IN 'ME AND EARL AND THE DYING GIRL', A COMFORT ZONE THAT CANNOT LAST

The "me" in Me And Earl And The Dying Girl is a Pittsburgh teenager named Greg, a gangly, sarcastic young man - not quite a misfit, but also not a member of any recognizable high school social grouping - with a special fondness for movies. Greg (Thomas Mann) and Earl (RJ Cyler), his best friend since childhood, spend their spare time remaking classic films on video, using stopmotion animation and silly costumes and giving the results groan-inducing punny titles. (Samples from their extensive catalog include The 400 Bros, Monorash and Eyes Wide Butt.)

Their do-it-yourself hobby is a technologically updated, highbrow variation on the "Sweding" practiced by Jack Black and Yasiin Bey (then known as Mos Def) in Michel Gondry's 2008 film Be Kind Rewind. But Me And Earl And The Dying Girl, directed by Alfonso Gomez-Rejon and adapted by Jesse Andrews from his own young-adult novel, doesn't dabble in trippy Gondryesque surrealism. It has its quirks and improbabilities, but its sensibility is earnest and earthbound. Nor does it have much in common with the Criterion Collection canon that inspires Earl and Greg's acts of homage. The kind of movie they inhabit - a terminal teen melodrama, a bittersweet coming-of-age story, a wishful tale of interracial friendship - is not the kind of movie they'd be likely to imitate.

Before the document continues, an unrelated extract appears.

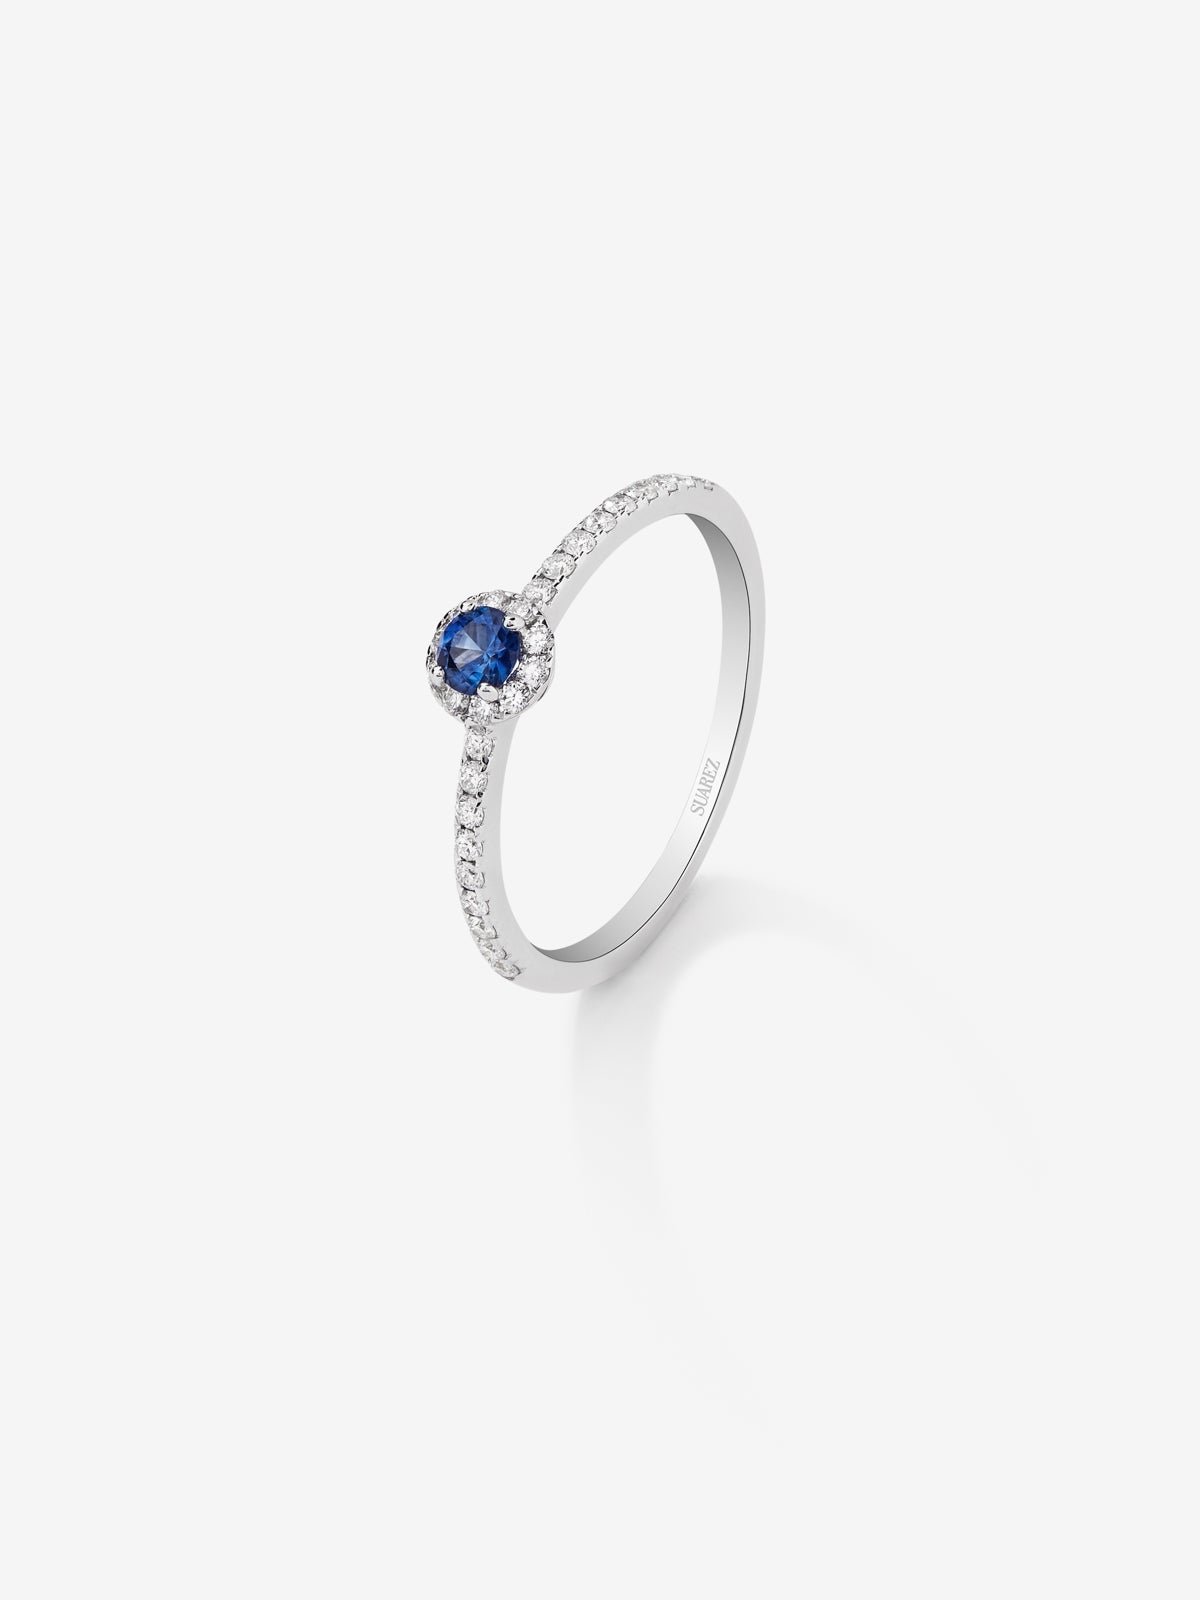 18K white gold ring with brilliant-cut blue sapphire of 0.15 cts and border and arm of 28 brilliant-cut diamonds with a total of 0.2 cts

On paper, Me And Earl And The Dying Girl should be dreadful. That's not quite fair. On paper, Mr. Andrews's book is lovely: sensitive and rueful and attuned to both the solipsism and the ethical seriousness of adolescence. But it's also full of the sort of themes, emotions and situations that can turn maudlin and embarrassing on the way from page to screen. The self-conscious narrator, the kooky parents and above all the dying girl - these elements are likely to raise alarms among grown-up admirers of the auteurs whom Earl and Greg mock and revere.

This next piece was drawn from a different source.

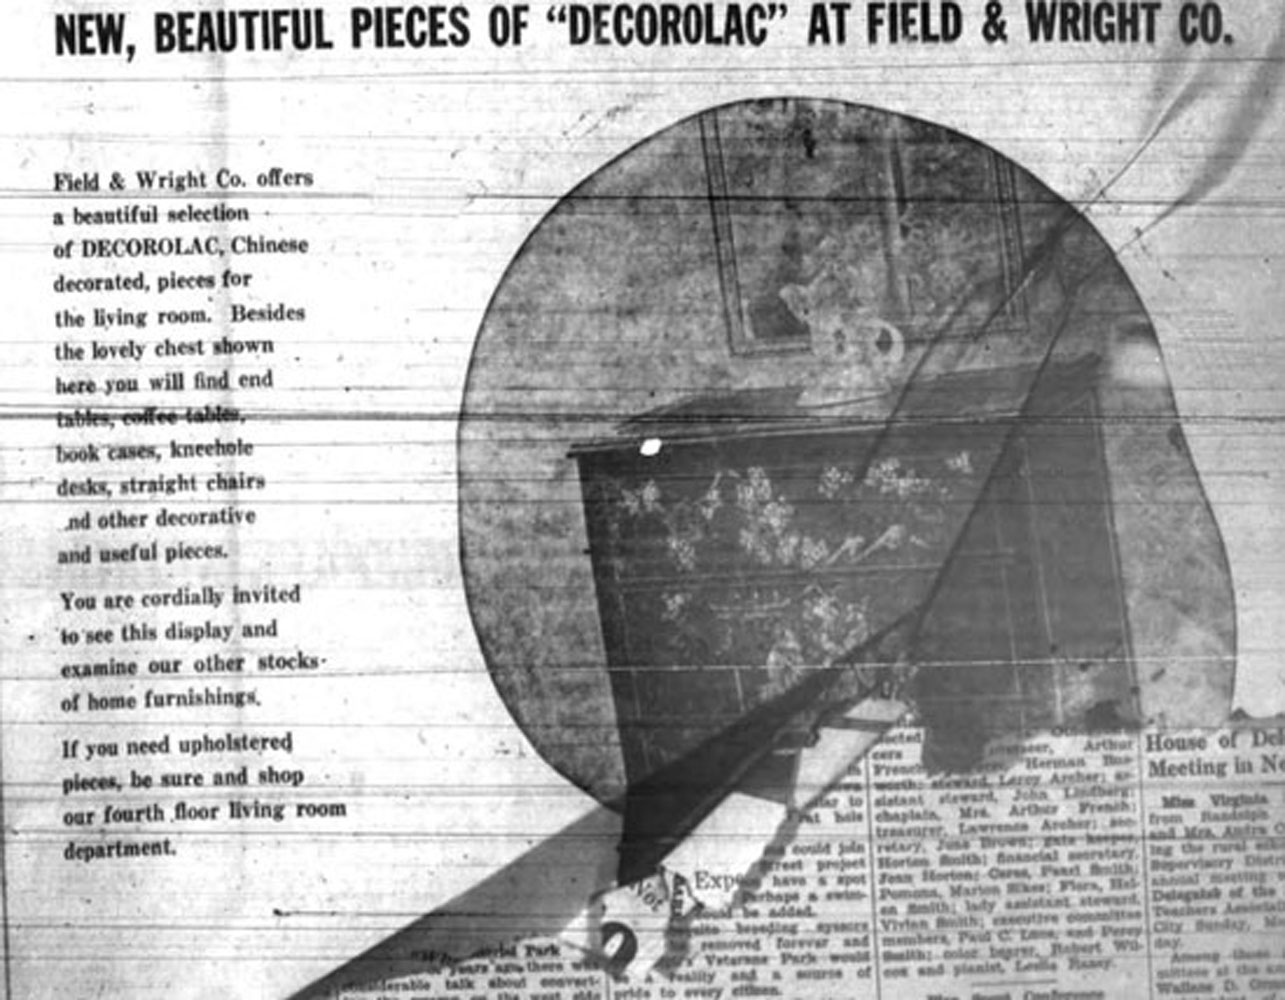 Decorolac for Field & Wright

Speaking as one such cinephile, I will confess to experiencing some irritation at the start. But I found that my resistance slowly but decisively crumbled, thanks to Mr. Gomez-Rejon's warm, low-key direction and the perceptive, lived-in performances of Mr. Mann, Mr. Cyler and Olivia Cooke as Rachel, the film's third title character and its riskiest proposition.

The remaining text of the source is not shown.